Par acte d’huissier en date du 21 février 2022, le ministère public a fait assigner l’intéressé devant le tribunal judiciaire de Nancy aux fins d’annuler l’enregistrement, de dire qu’il n’est pas de nationalité française et d’ordonner la mention prévue à l’article 28 du code civil au motif que la déclaration de nationalité était entachée de mensonge ou de fraude au sens de l’article 26-4 du code civil, la communauté de vie avec l’épouse française ayant été rompue moins de douze mois après la déclaration.
Par jugement contradictoire du 31 mai 2023, le tribunal judiciaire de Nancy a :
— constaté que le récépissé prévu par l’article 1043 du code de procédure civile a été délivré,
— débouté le ministère public de ses demandes,
— dit que Monsieur [H], né le 9 septembre 1986 à [Localité 3] (Maroc), a acquis la nationalité française par déclaration souscrite le 27 août 2020 en application des dispositions de l’article 21-2 du code civil,
— condamné le trésor public à verser à Monsieur [H] la somme de 1000 euros en application des dispositions de l’article 700 du code de procédure civile,
— ordonné la mention prévue à l’article 28 du code civil,
— laissé les dépens à la charge de l’Etat.
Pour statuer ainsi, le tribunal a relevé que si l’action était recevable, la communauté de vie ayant cessé dans les douze mois suivant l’enregistrement de la déclaration, la présomption de mensonge ou de fraude étant par ailleurs constituée, cette action était mal fondée en ce qu’une communauté de vie réelle et sérieuse existait bien entre Monsieur [H] et Madame [R] au jour de la déclaration de nationalité française. Il a retenu que le lien affectif était démontré par la naissance de deux enfants respectivement, [F] [H], né le 21 septembre 2018 et [E] [H], né le 6 mars 2020 ; que Monsieur [H] avait souscrit sa déclaration de nationalité française le 27 août 2020, plus de cinq ans après son mariage ; que le dépôt de plainte et le départ du domicile de Monsieur [H] sont postérieurs à la déclaration de nationalité française ; enfin, les déclarations de Madame [R], souscrites dans un contexte de divorce, devaient être considérées avec précaution.

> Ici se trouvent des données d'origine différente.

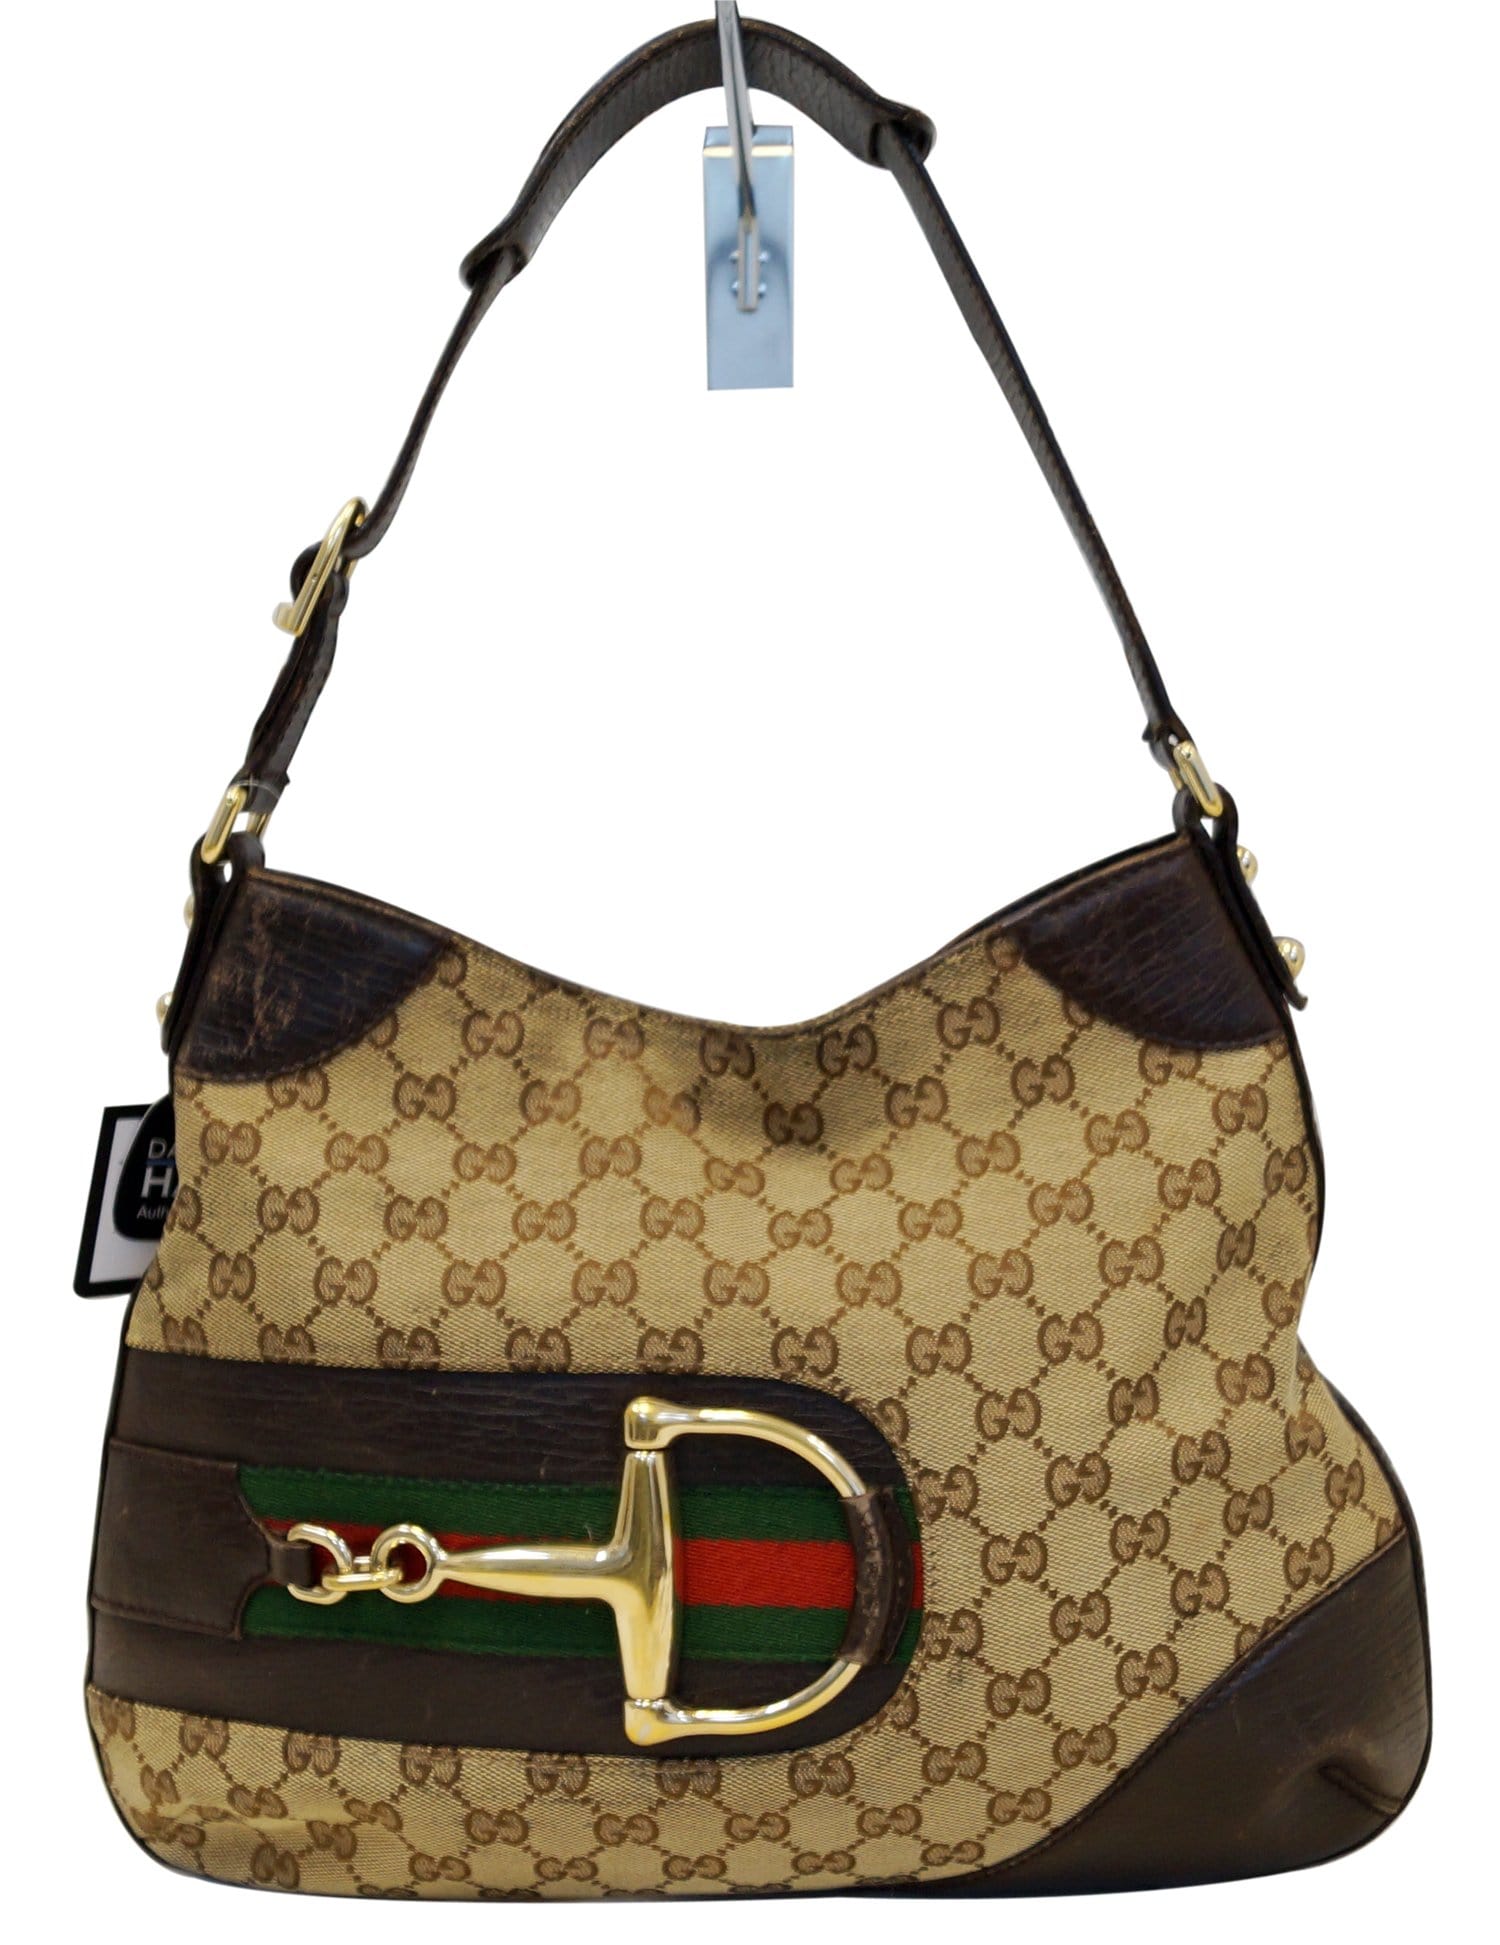 Gucci Horsebit 1955 shoulder bag in Beige GG Canvas

Par déclaration reçue au greffe de la cour, sous la forme électronique, le 12 juin 2023, le ministère public a relevé appel de ce jugement.
Au dernier état de la procédure, par conclusions reçues au greffe de la cour d’appel sous la forme électronique le 23 novembre 2023, auxquelles il est renvoyé pour plus ample exposé des prétentions et moyens, le ministère public demande à la cour, de :
— dire que le récépissé prévu par l’article 1040 du code de procédure civile a été délivré,
— infirmer le jugement de première instance,
Et statuant à nouveau,
— déclarer que son action est recevable,
— annuler l’enregistrement de la déclaration souscrite le 27 août 2020, par Monsieur [H], né le 9 septembre 1986 à [Localité 3] (Maroc),
— dire en conséquence qu’il n’est pas de nationalité française,
— ordonner la mention prévue par l’article 28 du code civil.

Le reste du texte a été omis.